The idea behind these machines is to take advantage of impulse buyers much the same way as people succumb to that naughty chocolate candy bar.  Forgetful and desperate men in search of a last minute jewelry purchase just before Valentine's Day or Mother's Day are also the target market.

Gitanjali Gems of India  introduced the world's first jewelry vending machine late last year. These offer a range of 36 gold and diamond jewelry designs which cost up to $600.

Why India?  Sanjeev Agarwal, the CEO of the company explains, “It has a particular significance in India, where usually such items are purchased as tokens to observe traditions on auspicious days." That's the reason why their second machine was installed last month in Mumbai's Shree Siddivinayak Temple. Worshipers could conveniently buy an auspicious piece of jewelry or make a temple offering with it.

Warren Buffett and the Precious Express Vending Machine

Zoom over to the USA, the Richline Group (Berkshire Hathaway subsidiary; CEO is Warren Buffett, one of the world's wealthiest men) just introduced the Precious Express vending machine in Omaha.
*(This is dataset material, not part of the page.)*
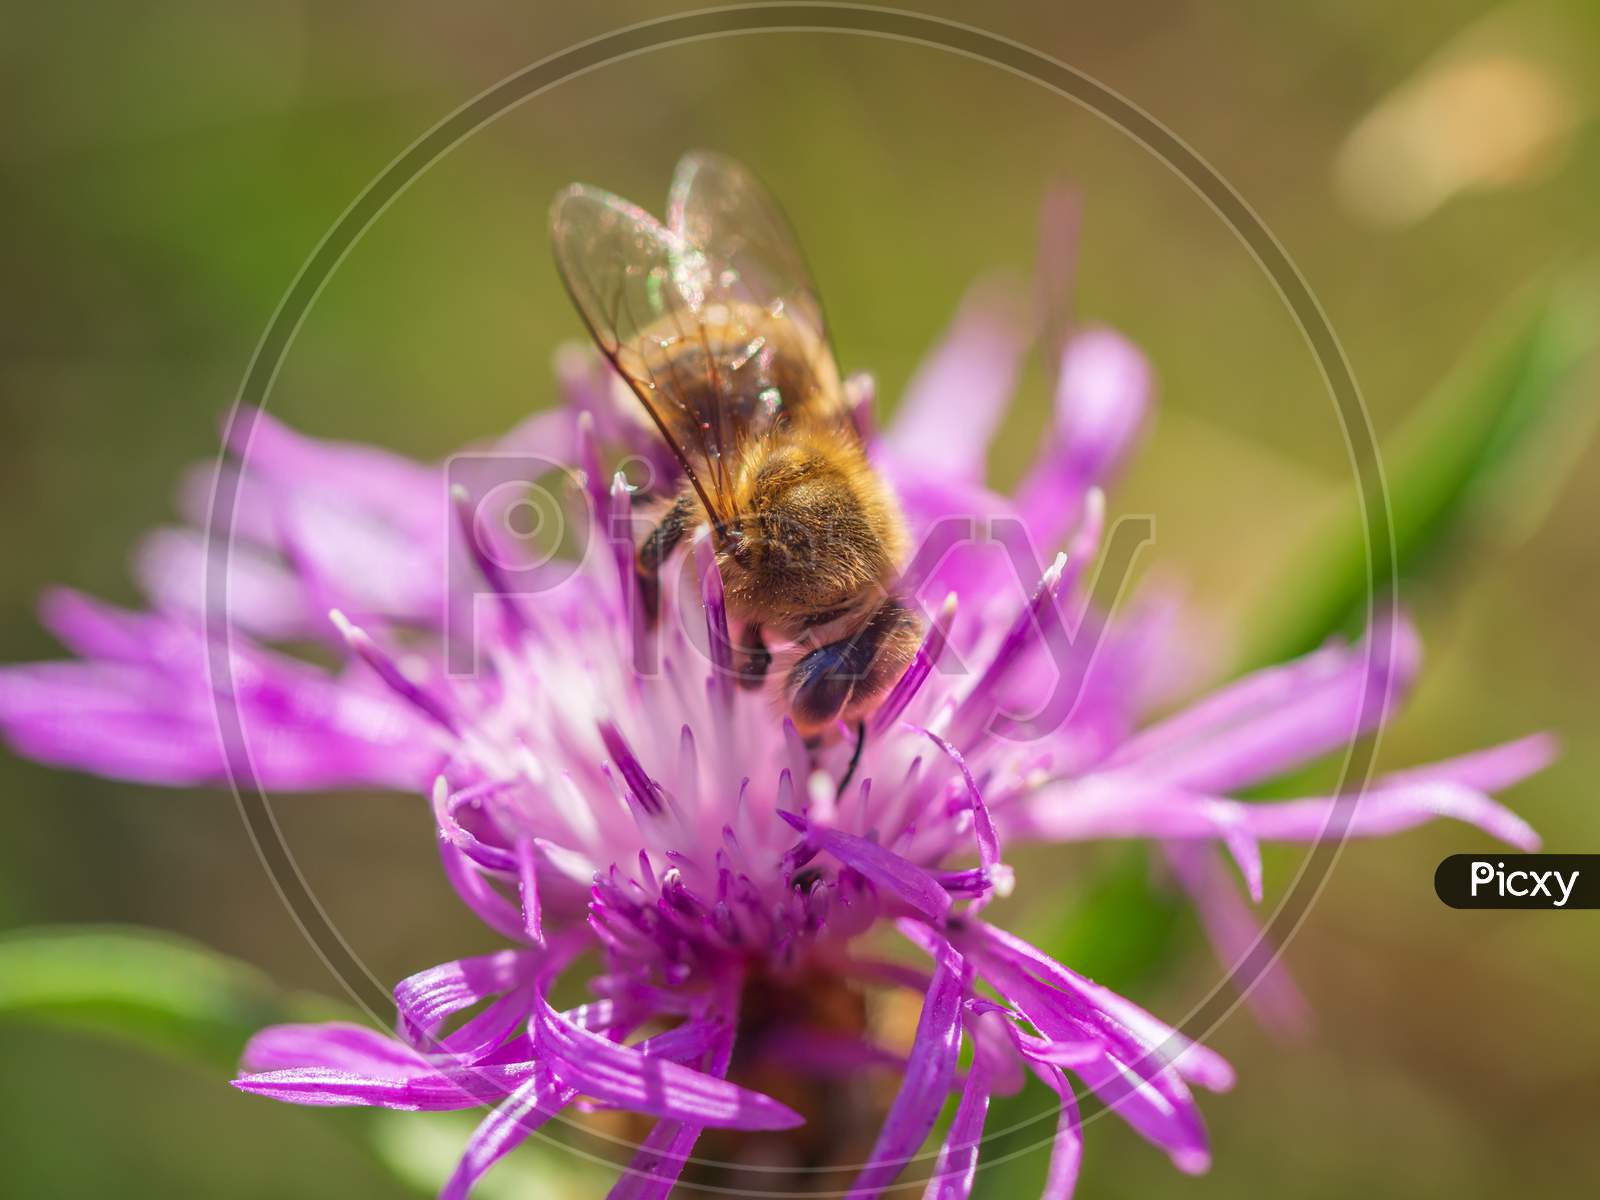 Close-Up Of Western Honey Bee Extracting Nectar From Brown Knapweed Flower.
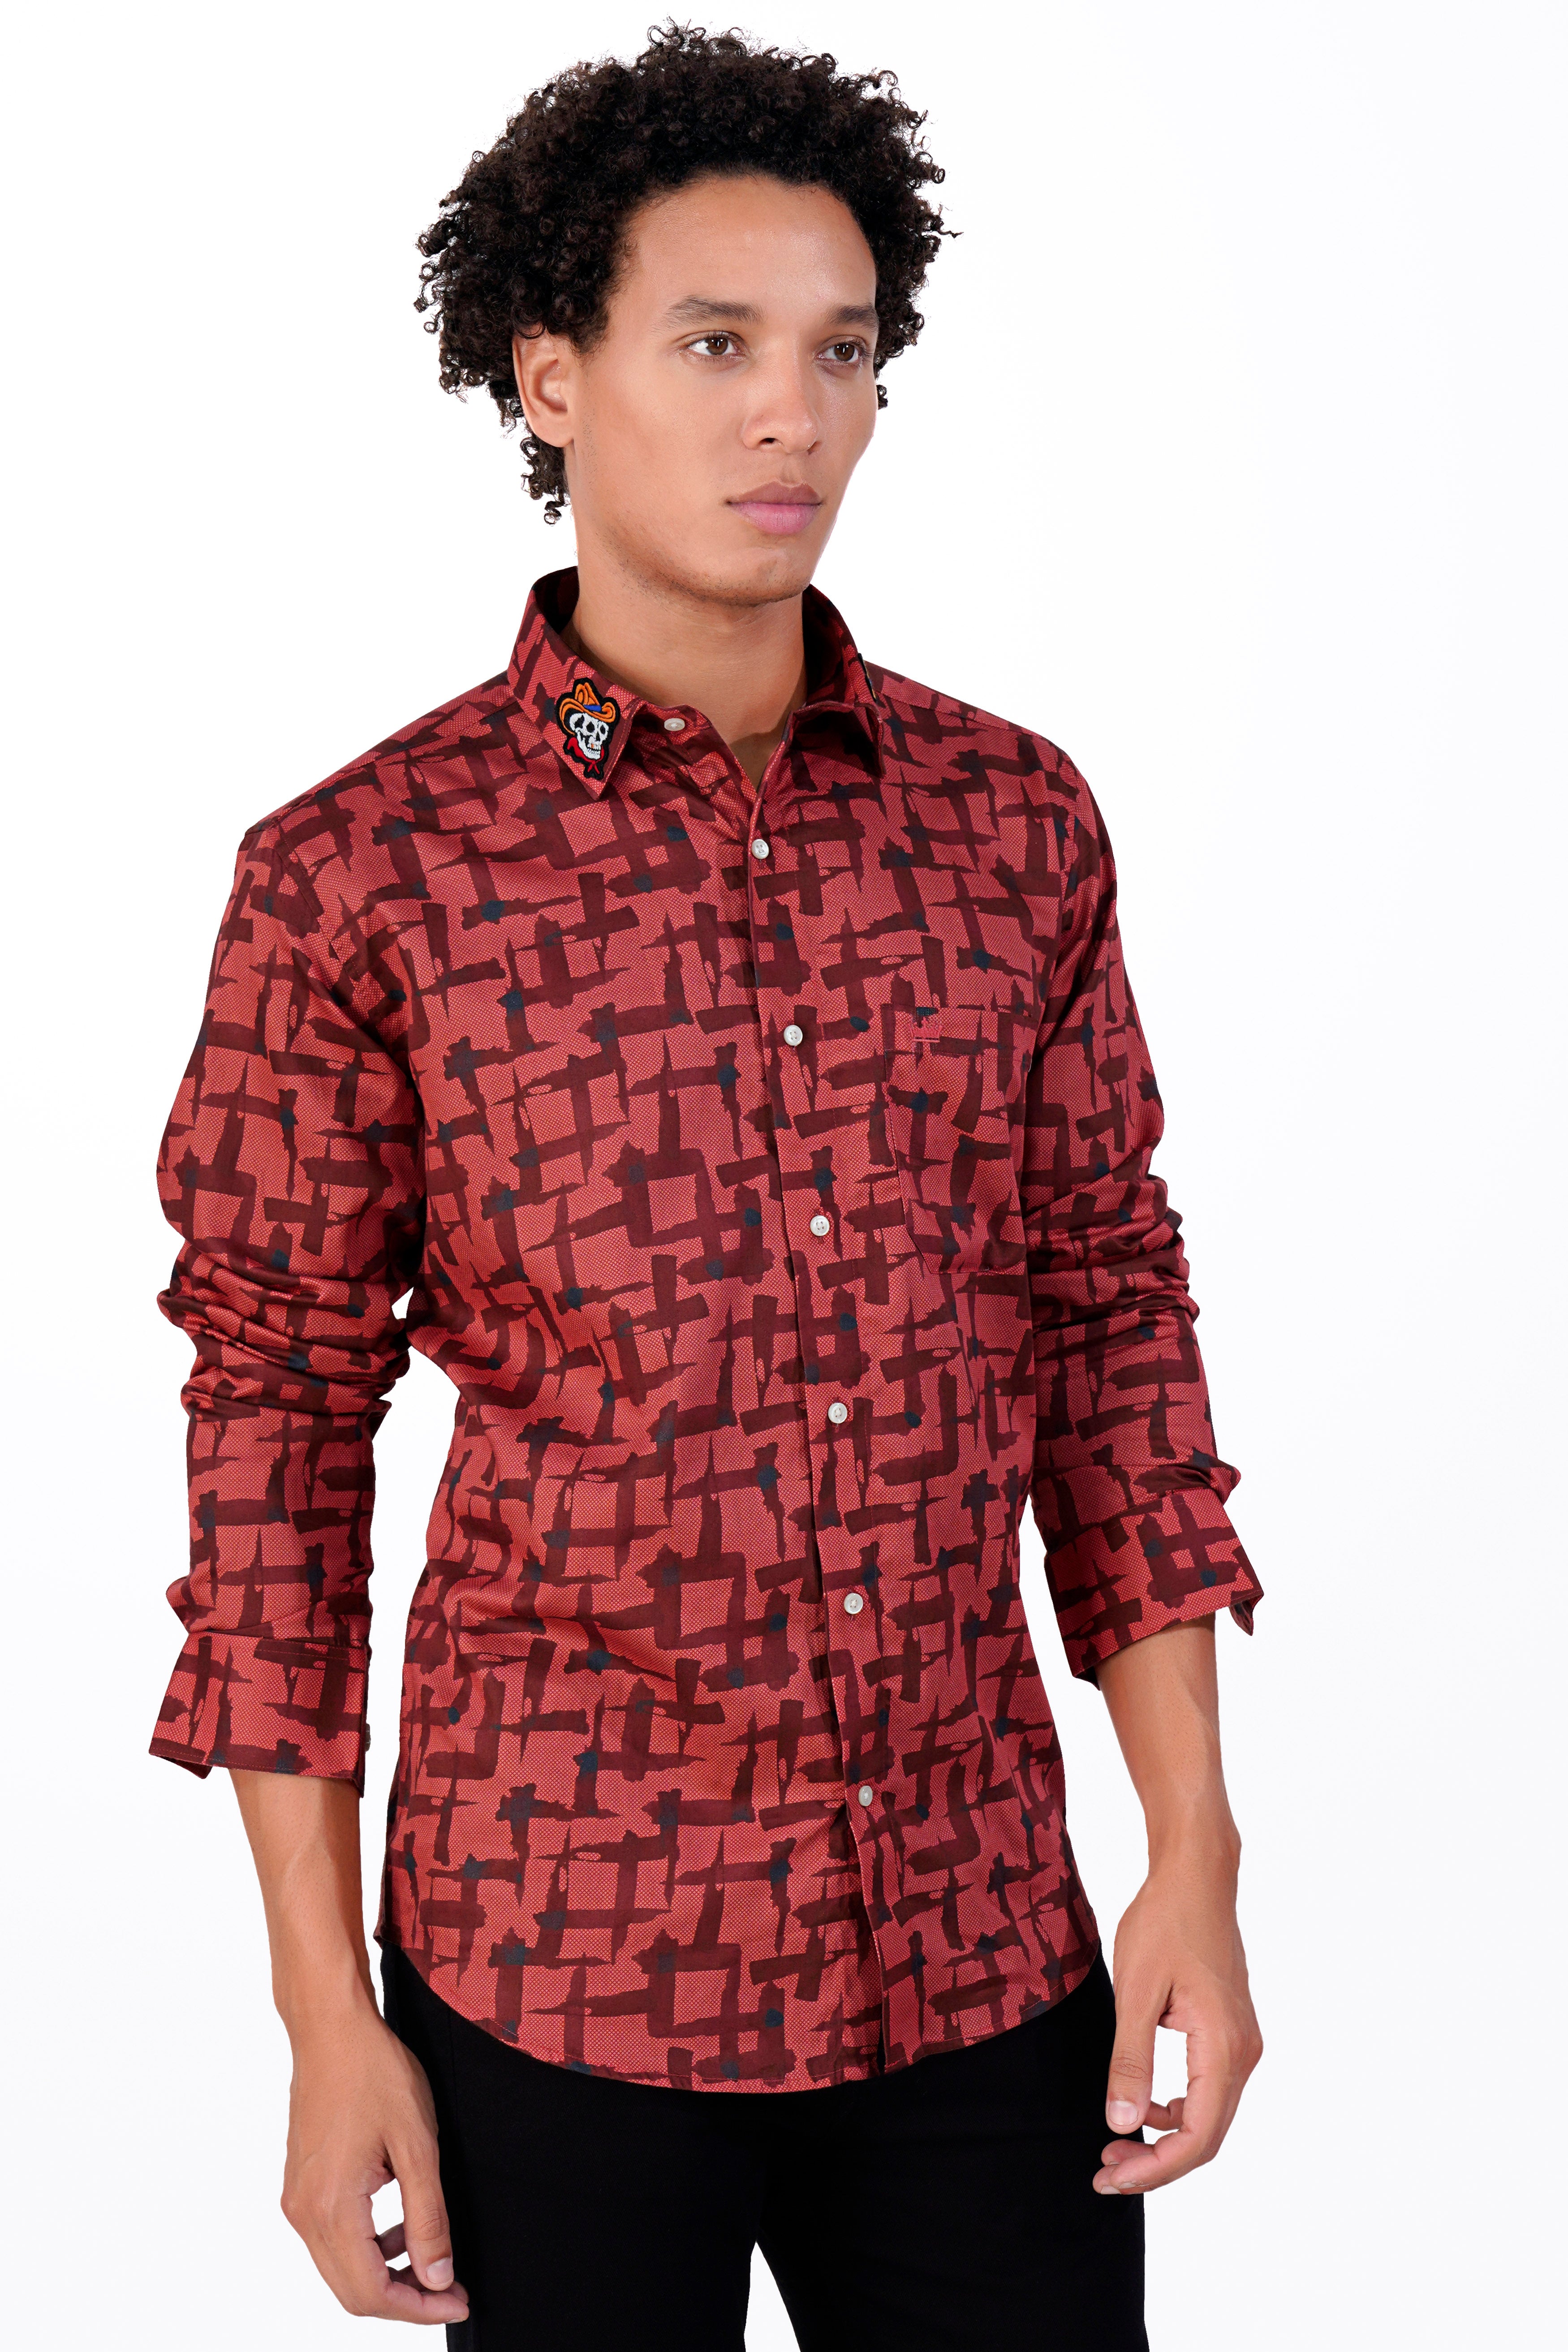 Cardinal Red Printed With Funky Patch Work Super Soft Premium Cotton Shirt 8190-E200-38, 8190-E200-H-38, 8190-E200-39, 8190-E200-H-39, 8190-E200-40, 8190-E200-H-40, 8190-E200-42, 8190-E200-H-42, 8190-E200-44, 8190-E200-H-44, 8190-E200-46, 8190-E200-H-46, 8190-E200-48, 8190-E200-H-48, 8190-E200-50, 8190-E200-H-50, 8190-E200-52, 8190-E200-H-52

Distribution will begin in the fall.

Each of these jewelry vending machine can stock up to 144 different items with price points from $50-$150.  Unlike India, these will initially be located in high volume jewelry stores.
Mark Hanna, Richline's chief marketing officer said, “I think in the future it could have applications in airports and professional office buildings. But we don’t sell to the consumer and I think it needs the credibility of a good jewelry retailer with it.”   That's an excellent point because the vending machine could well be filled with sub-par products.

Would you buy from a jewelry vending machine? 

I would, for good quality standard items, under certain circumstances.  I once forgot my earrings while on a trip.  I was grateful I could buy an inexpensive pair of sterling silver hoops at a small stall in a mall.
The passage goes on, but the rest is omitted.